Honest Disagreement with Church Policy and Doctrine
Posted by Kerry on March 18, 2008
Last month, the Church released a statement regarding Peter Danzig’s (a member of the Church’s Orchestra at Temple Square in SLC) public disagreement surrounding same-gender marriage. It appears that Peter and his wife were very active members of the Church, serving and attending in their local ward. But they disagreed with a 1st Presidency letter sent to local leaders back in 2006 “urging members to ‘express themselves’ on a forthcoming vote in the United States Senate relating to the definition of marriage.”
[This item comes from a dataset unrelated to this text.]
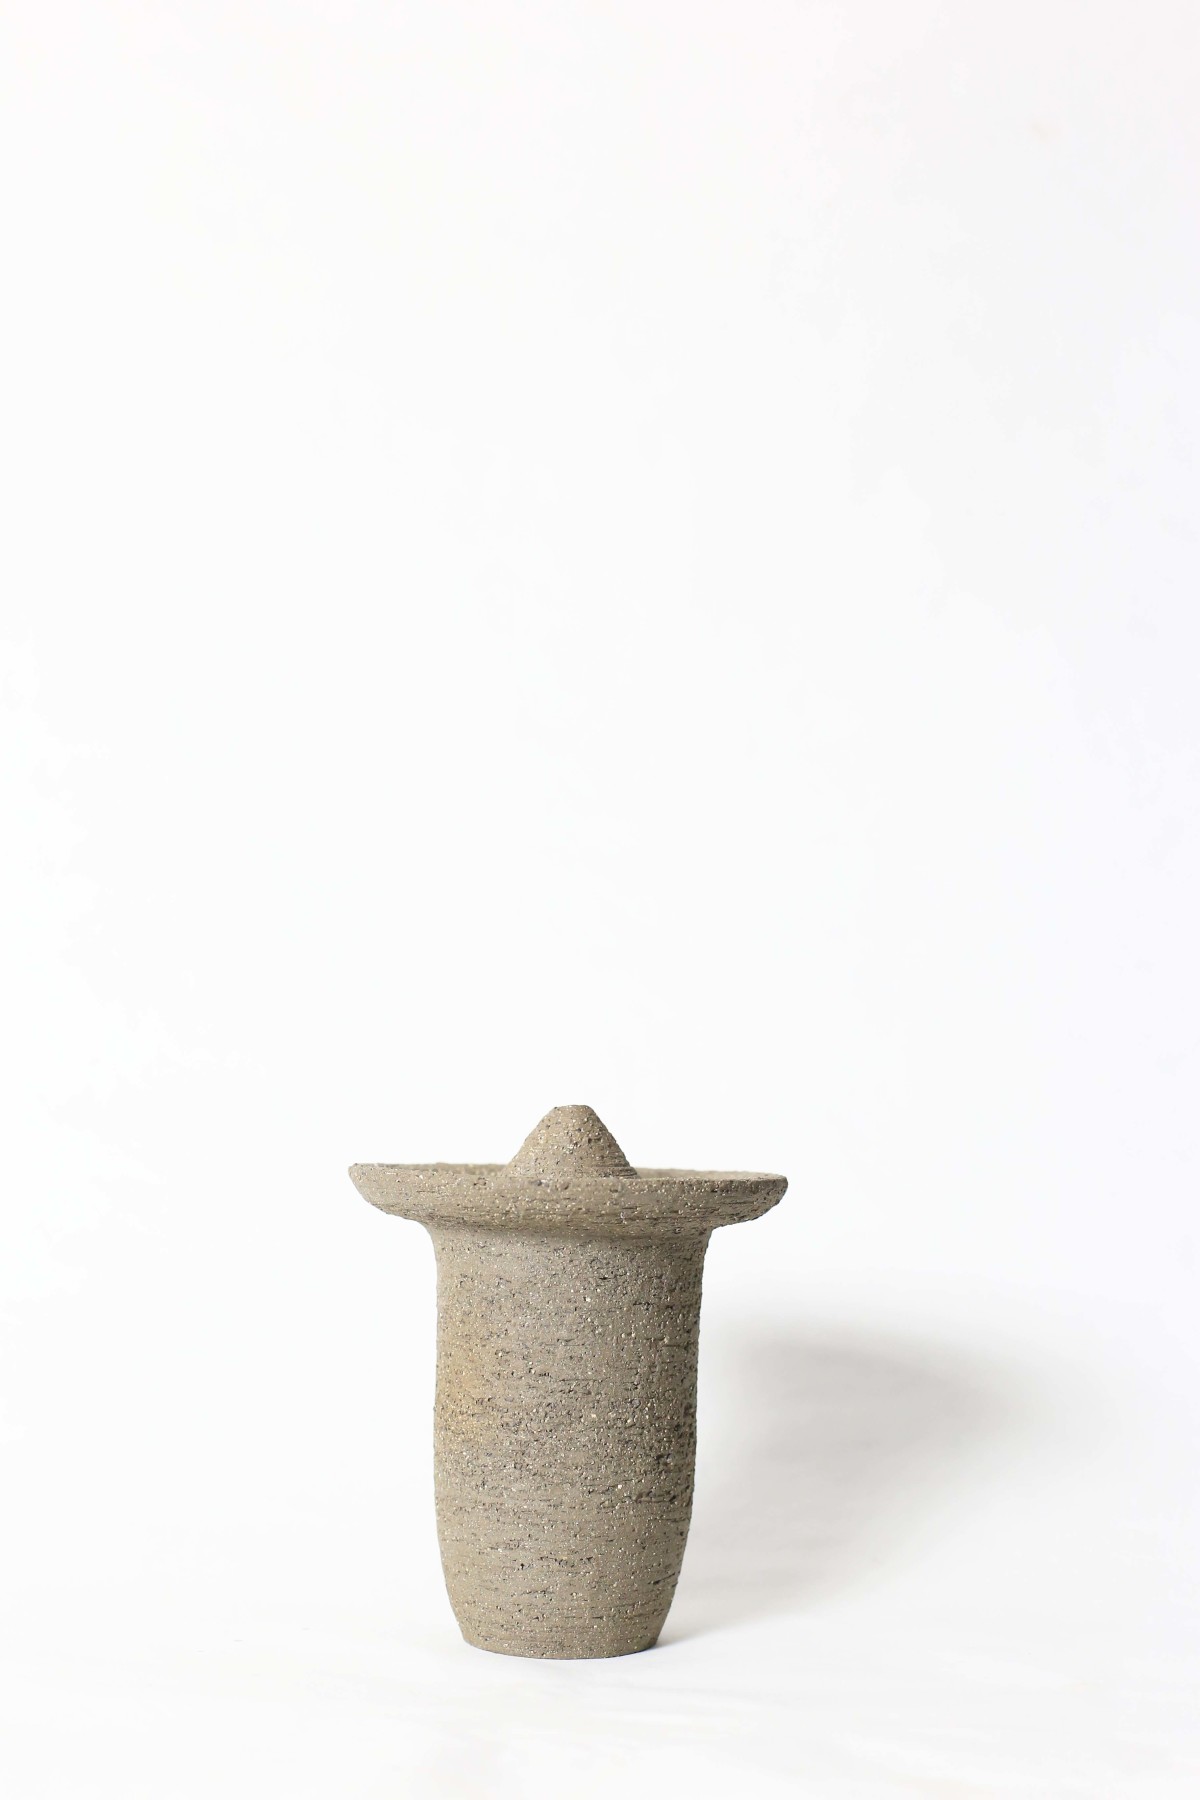 Ufo shaped gray ceramic vase on a white background 1

Peter then sent a letter to the SL Tribune, saying that he “…was troubled that my church requested I violate my own conscience to write in support of an amendment I feel is contrary to the constitution and to the gospel of Christ.” It sounds like he also encouraged other members of the Church to oppose Church leaders on the issue. After 18 months of counseling with local leaders, Peter voluntarily withdrew his membership in the Church by his own formal written request. The Church stated that he was “not officially disciplined by the Church”.
The story is quite interesting. But what I find even more interesting is what else the Church’s statement mentioned:
“Members of The Church of Jesus Christ of Latter-day Saints are encouraged to study, learn and ask questions in their quest for knowledge. Gordon B. Hinckley, 15th president of the Church said: ‘This Church came about as a result of intellectual curiosity. We believe in education … we expect them (Church members) to think. We expect them to investigate. We expect them to use their minds and dig deeply for knowledge in all fields.’”
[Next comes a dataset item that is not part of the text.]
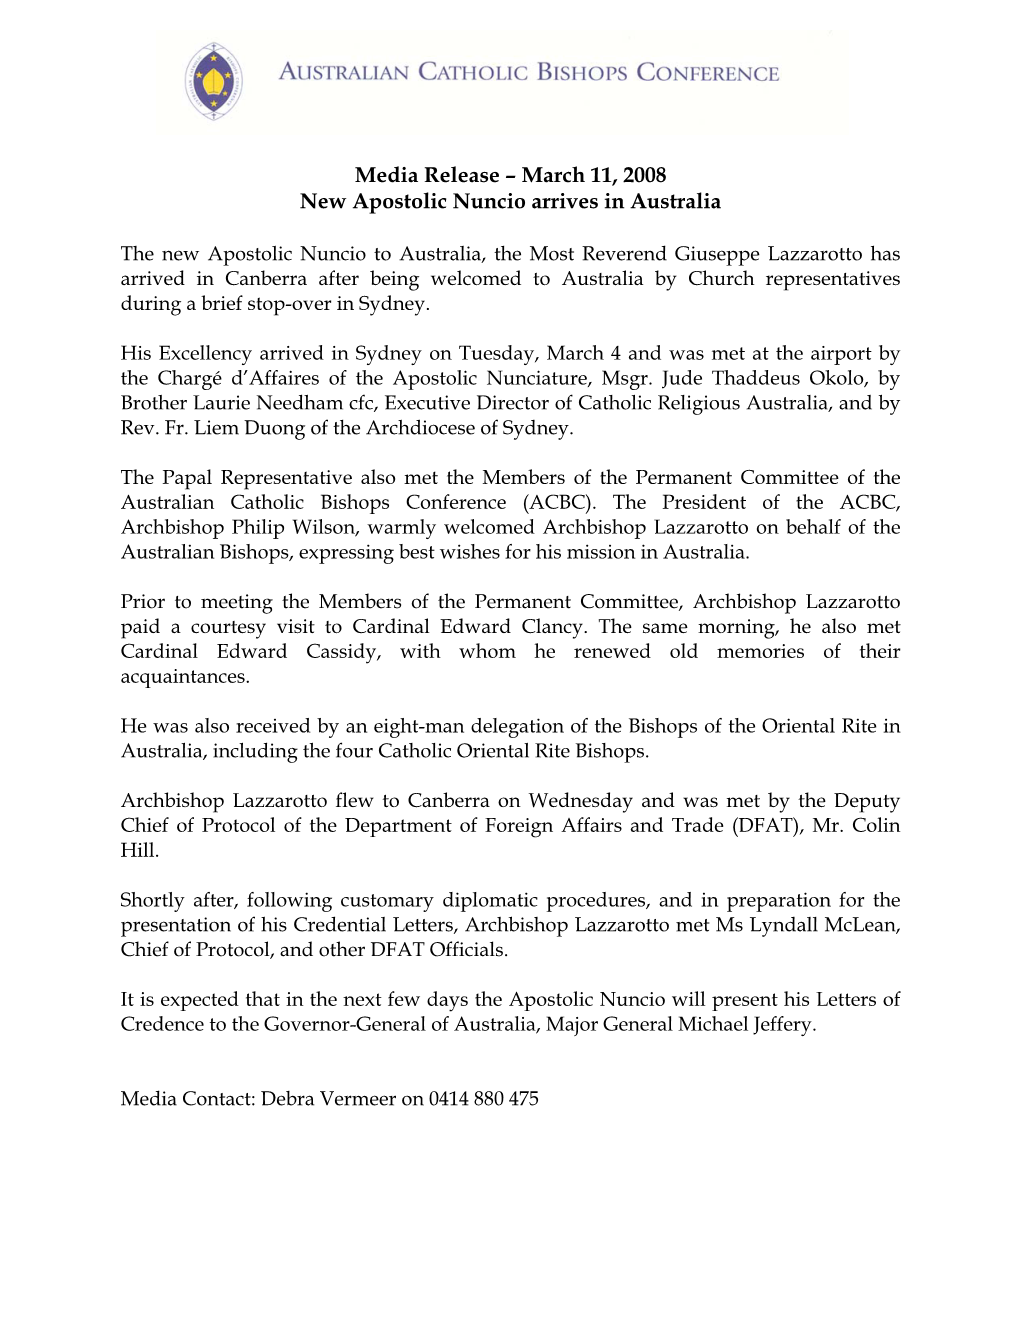 Media Release – March 11, 2008 New Apostolic Nuncio Arrives in Australia

This is an incredible statement. I love it. I love that Pres. Hinckley said it. For some odd reason, those who search after truth, who dig, who investigate, are often shunned in the church as weirdos or apostates. Even though we are commanded to individually search after knowledge and truth (many references, for one see here).
The statement continues:
“However, it is not acceptable when their digging and questioning leads to public opposition against doctrine Church leaders are obliged to uphold. That doesn’t mean that Church leaders don’t listen and consider opposing views. Quite the contrary. Local bishops and stake presidents love and are concerned about all members of the flock. This is the purpose of counseling provided by local Church leaders who know and care for each individual in their congregations. Honest disagreements are not the same as public advocacy of positions contrary to those of the Church. When disagreements arise, the principle of the Church is that local leaders discuss these matters with members with love and concern.”
Again, what a fascinating statement. Honest disagreements, when acted on appropriately, are perfectly fine. There is a designated channel for members with honest disagreements to counsel with and even question local leaders. The statement makes it very clear that “appropriate” means in counsel with local leaders, not in public opposition. Also, it says that church leaders do listen and do consider opposing views.
Even though I consider myself an orthodox Mormon who agreeably supports his local leaders and their local mandates, for some reason I find these statements quite refreshing.